FIG. 1 is a PTC showing a manufacturing method in an embodiment of the present invention.
2 and 3 are partial cross-sectional views of a PTC heating element showing a manufacturing method in another embodiment of the present invention, and FIG. 4 is a P showing a manufacturing method in an embodiment of the present invention.
FIG. 5 is a sectional view illustrating a method for cutting a TC heating element, FIG. 5 is a sectional view illustrating a manufacturing method in an embodiment of the present invention in which an end surface of a PTC heating element is covered with a molding material, and FIG. 6 is a perspective view of a conventional example. . 4 ... PTC heating element, 5, 6 ... Electrode, 9 ... Mold material.
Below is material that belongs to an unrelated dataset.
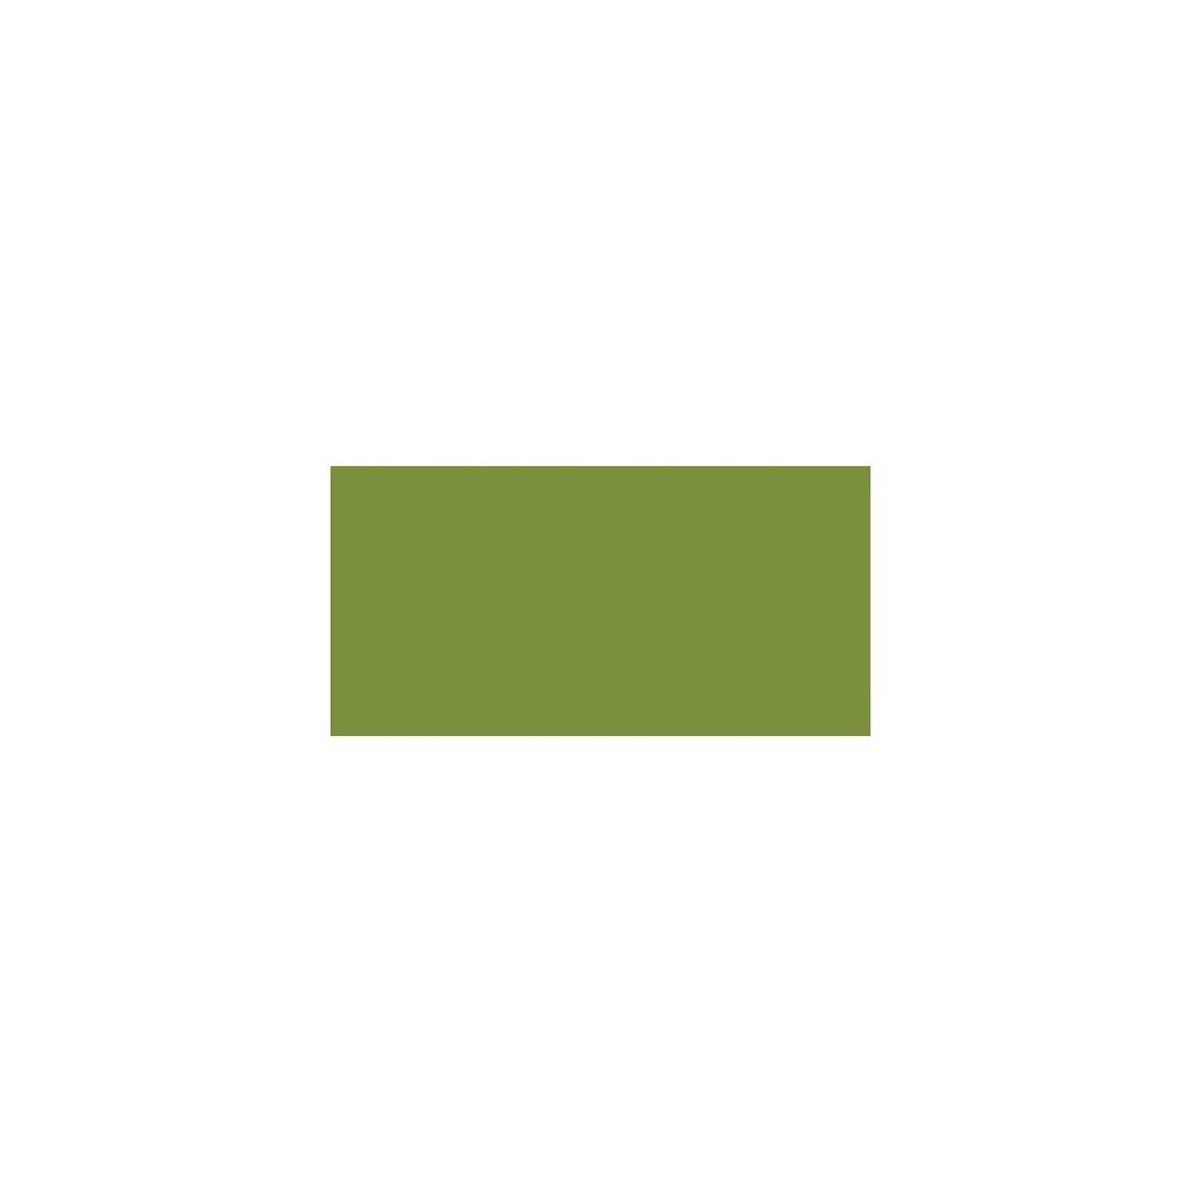 Reinker; Leaf Green

 ─────────────────────────────────────────────────── ─── Continuation of the front page (72) Inventor Yasutomo Funakoshi 1006 Kadoma, Kadoma City, Osaka Prefecture Matsushita Electric Industrial Co., Ltd. (72) Inventor Tadashi Sakairi 1006 Kadoma, Kadoma City, Osaka Matsushita Electric Industrial Co., Ltd. 56) References Japanese Patent Application Laid-Open No. 53-122942 (JP, A) Japanese Patent Application No. 56-177656 (Japanese Utility Model Application No. 58-81889) The microfilm (J. P, U)

Claims (1)

[Claims] 1. A thin-walled positive temperature coefficient resistor having a composition in which a conductive fine powder is dispersed in a crystalline polymer as a main component,
Providing a pair of electrode bodies to apply a voltage in the thickness direction,
After cutting the elongated body in which the pair of electrode bodies are closely adhered to each other at an arbitrary cutting interval in an inclined shape so that the end face creepage distance between the electrodes is larger than the thickness dimension of the resistor, at least the cutting is further performed. A manufacturing method of a positive resistance temperature coefficient heating element in which the end face is covered with an electrically insulating material.